May 8, 2009

Free ebook: ‘Identity in the Age of Cloud Computing’


JD LasicaIt surprises me how many people don’t know about the fabulous work being done by the Aspen Institute, the 59-year-old international nonprofit organization that works on environmental and economic concerns. It’s a sort of constantly evolving think tank perfectly suited for the new economy: The Aspen Institute convenes roundtables — in Aspen, Colo., Washington, DC, India, Israel, all around the globe — and generally gathers 25 to 30 experts and thought leaders to tackle important public policy issues. During my last two trips to Aspen I met and spoke with Al Gore and former Secretary of State Madeleine Albright.

I’ve been lucky enough to participate in three such roundtables and to write the following reports, which the institute turns into print books (available for purchase) and makes available as free ebook downloads in the PDF format:

The Mobile Generation: Global Transformations at the Cellular Level, 72 pages, February 2007: a look at the profound changes ahead as a result of the convergence of wireless technologies and the Internet, with an emphasis on how youths use mobile technology (download ebook as PDF).

Civic Engagement on the Move: How Mobile Media Can Serve the Public Good, 110 pages, July 2008: a look at the startling growth in the use of cell phones and other mobile devices and the ways mobile technology can be used to advance the social good (download ebook as PDF).

• And now the just-released Identity in the Age of Cloud Computing: The next-generation Internet’s impact on business, governance and social interaction (image above), 110 pages, May 2009: a look at the next-generation Internet and how it will impact all facets of society.

Download the free ebook (as a PDF).
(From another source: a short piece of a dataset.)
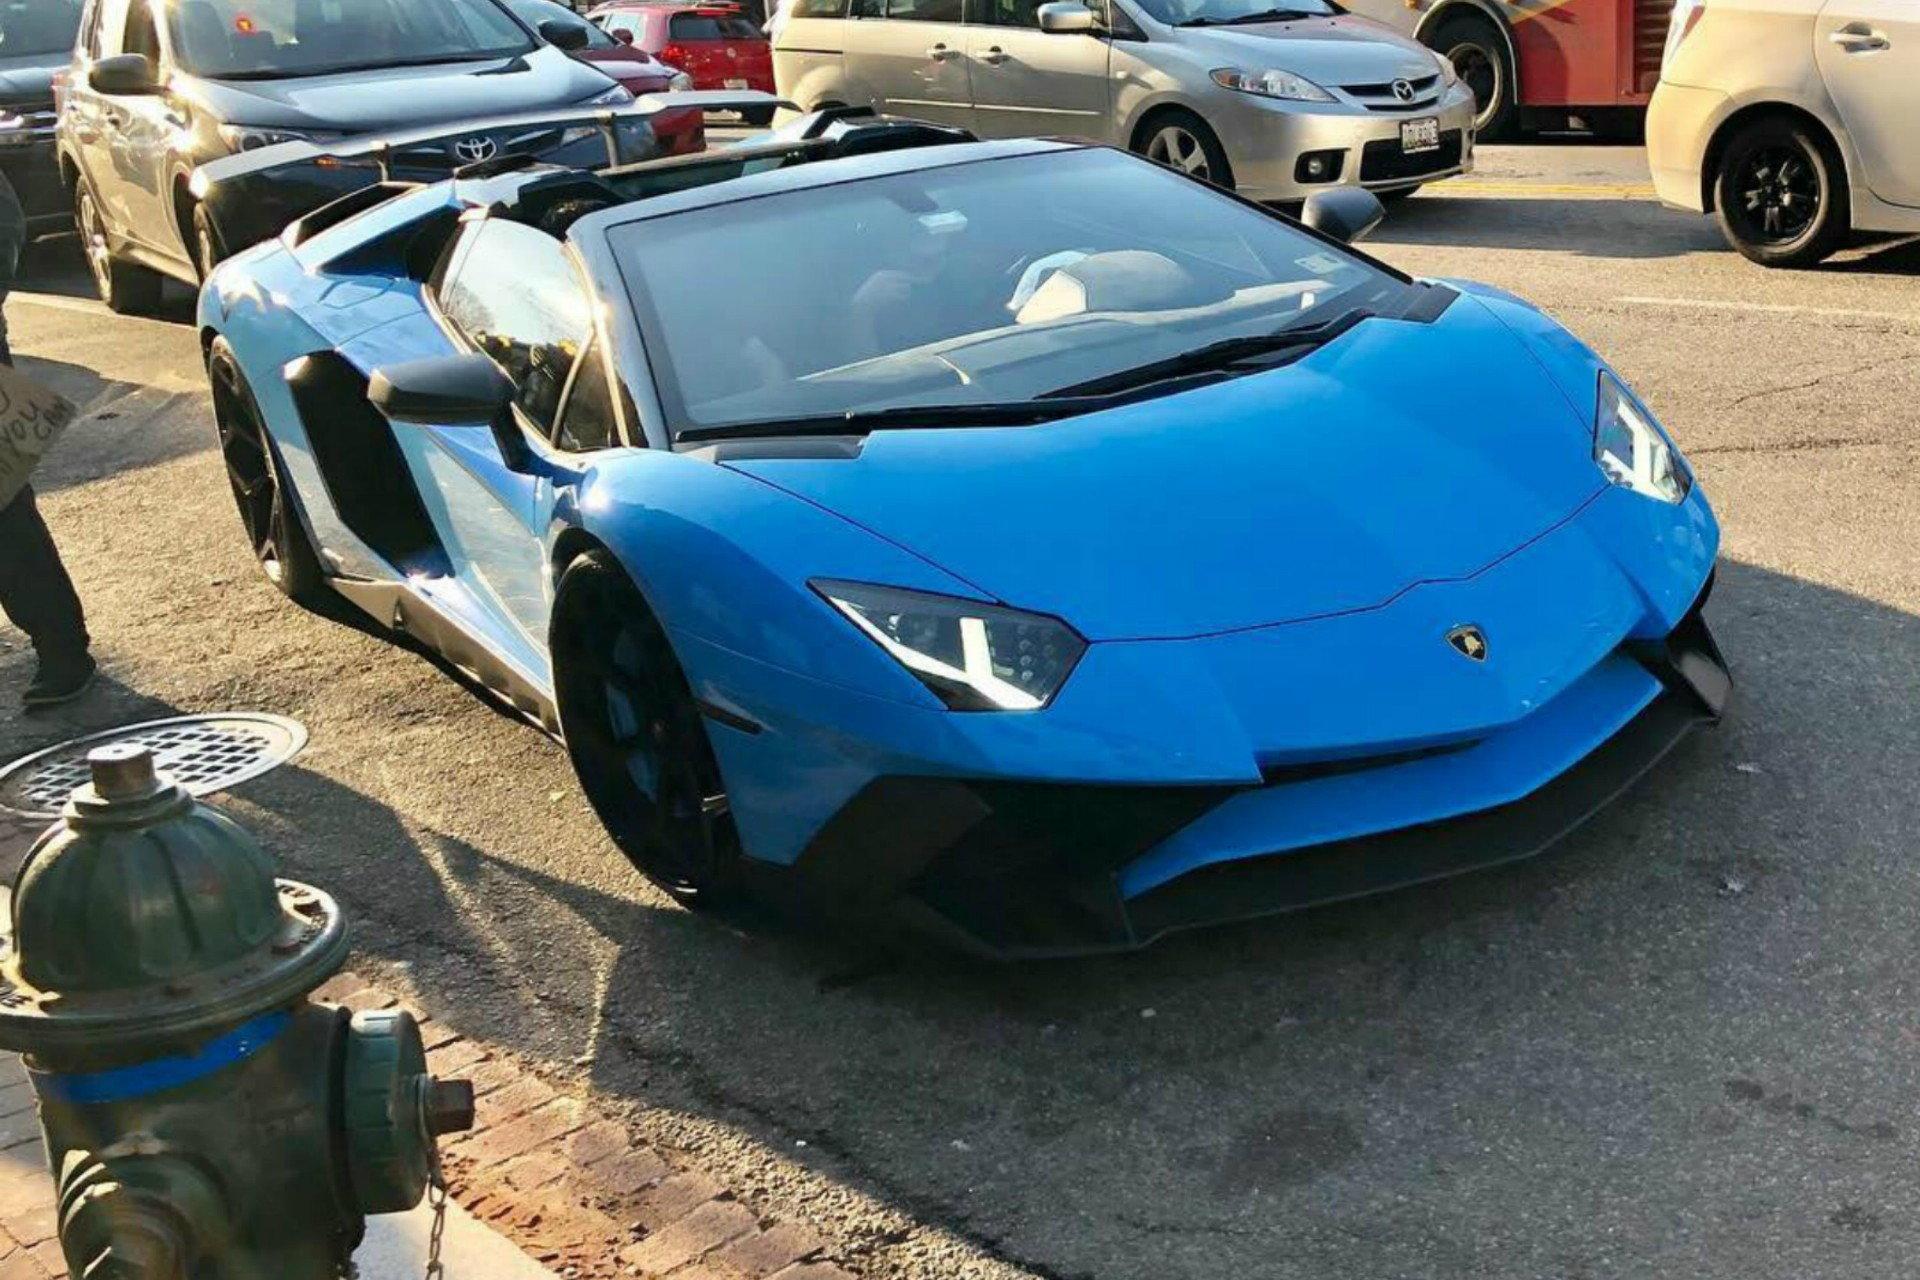 Baby Blue Lamborghini Aventador Lp 750 4 Sv Roadster 6speedonline Porsche Forum And Luxury Car Resource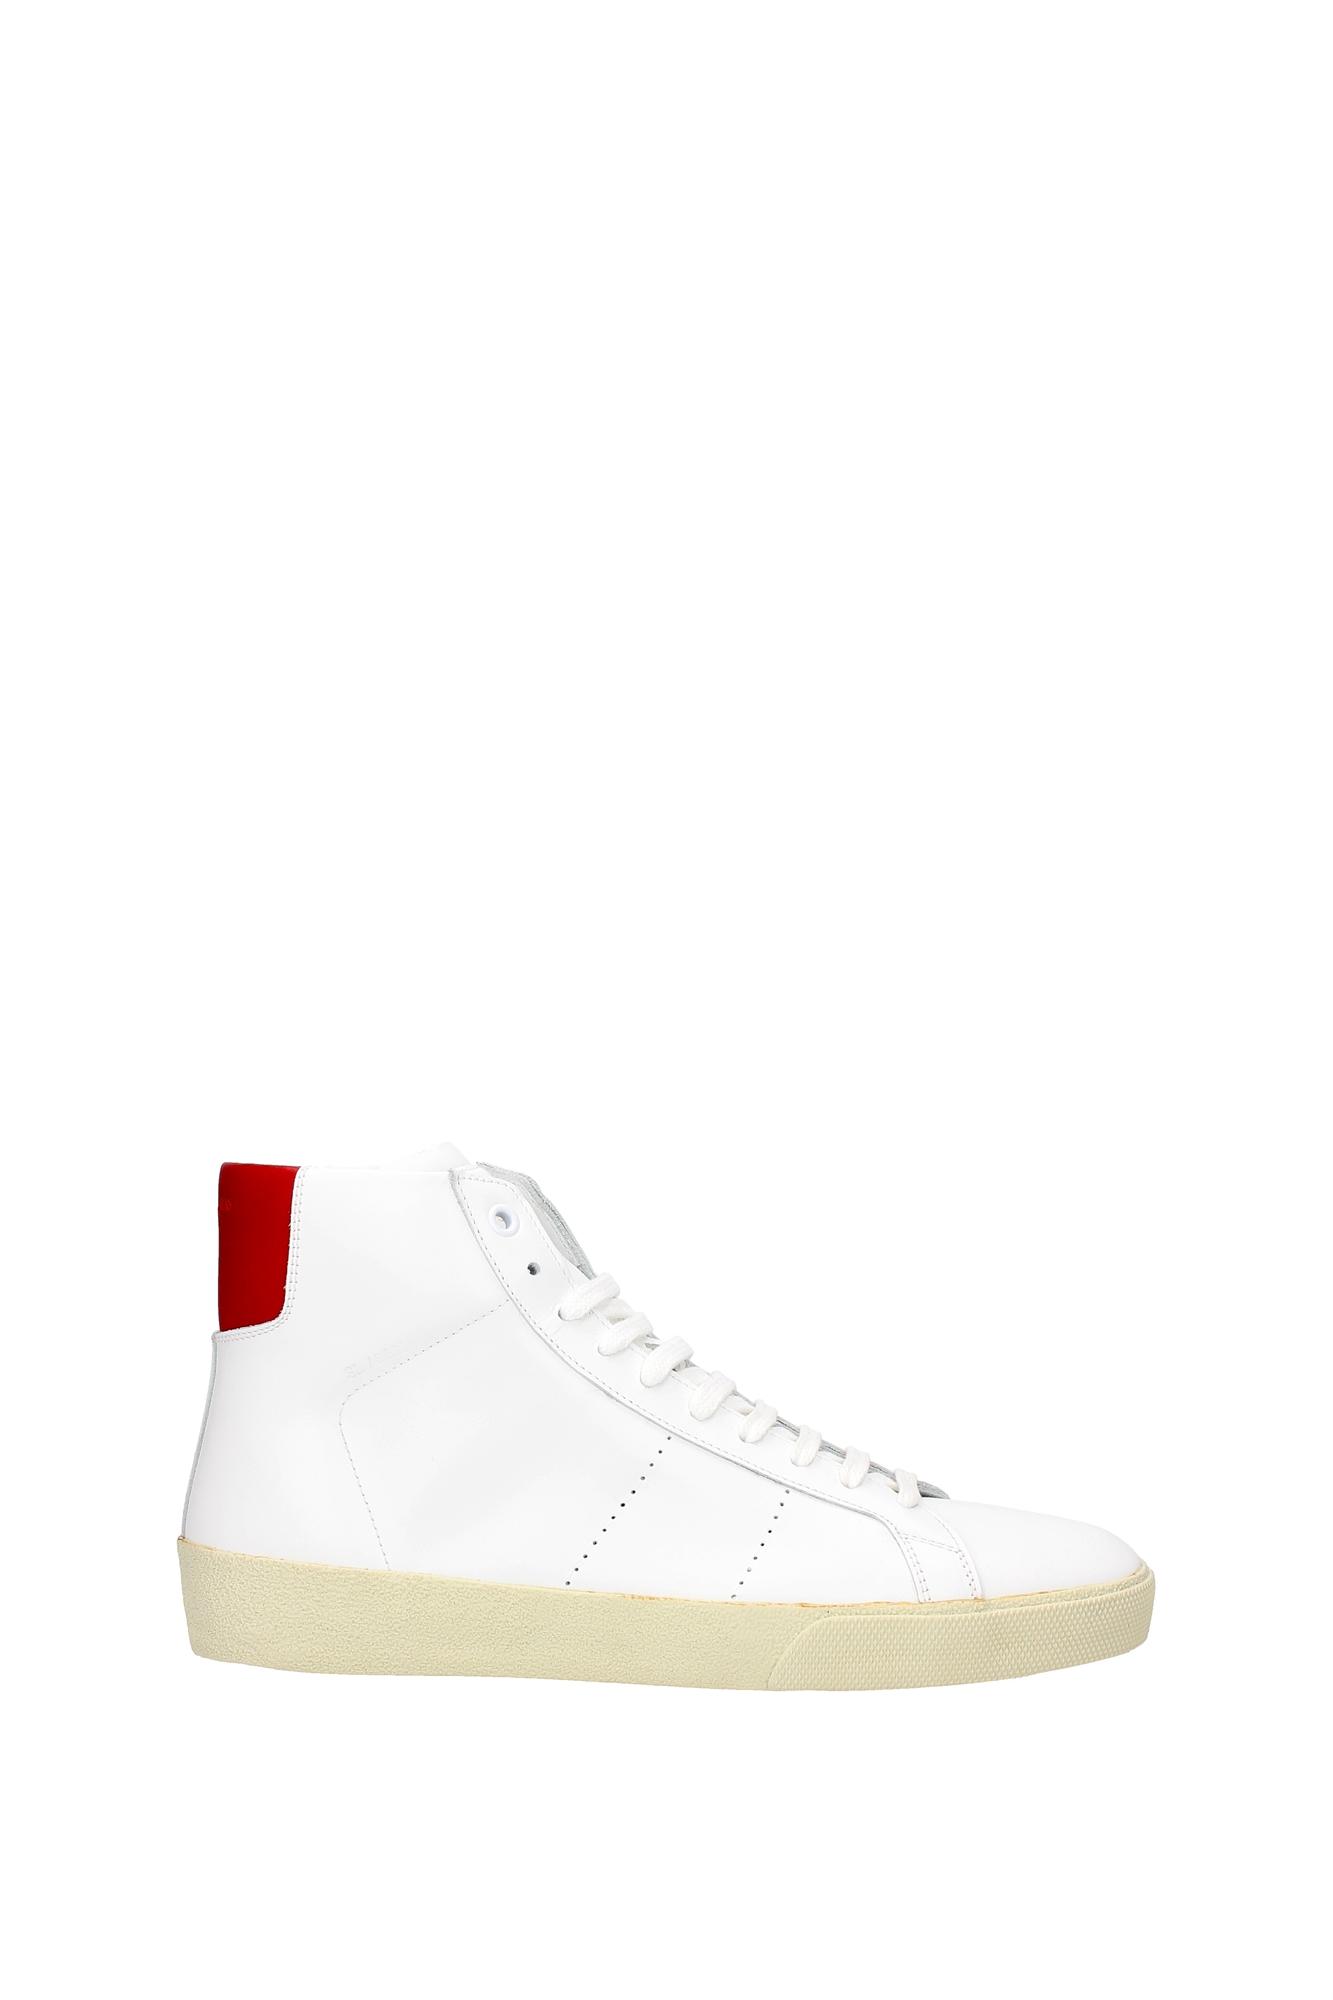 Sneakers Saint (330276AQI109062) Laurent Herren - Leder (330276AQI109062) Saint 35a42f

Or see the landing page. (If you came here from Twitter and are interested in the subject, my ID is @jdlasica.)

Aspen Reports now using Creative Commons licenses

I’m happy to report that Charlie Firestone, executive director of the institute’s Communications and Society Program, took up my suggestion and has agreed to release the new report under a Creative Commons Attribution Noncommercial license, the same license I’ve been using for all of my blog posts for years. That means anyone is free to republish excerpts of the report, or the report in its entirely, for noncommercial purposes. (See excerpt below.)

Not only that, but Charlie has agreed:

• to retroactively release my still-timely two earlier reports, Civic Engagement on the Move and The Mobile Generation, under the same CC BY NC license.

• to publish all upcoming Roundtable on Information Technology reports with the CC BY NC license.

• to recommend that all of the institute’s Communications and Society Program publications be published the same way. “I will take it up with the Aspen Director of Communications, and perhaps other reports at the Institute could be published with that license as well,” he tells me.

This, to my mind, is a coup for Creative Commons, given the world-class scholarship and policy proposals that the Aspen Institute is now making freely available for redistribution and remixing.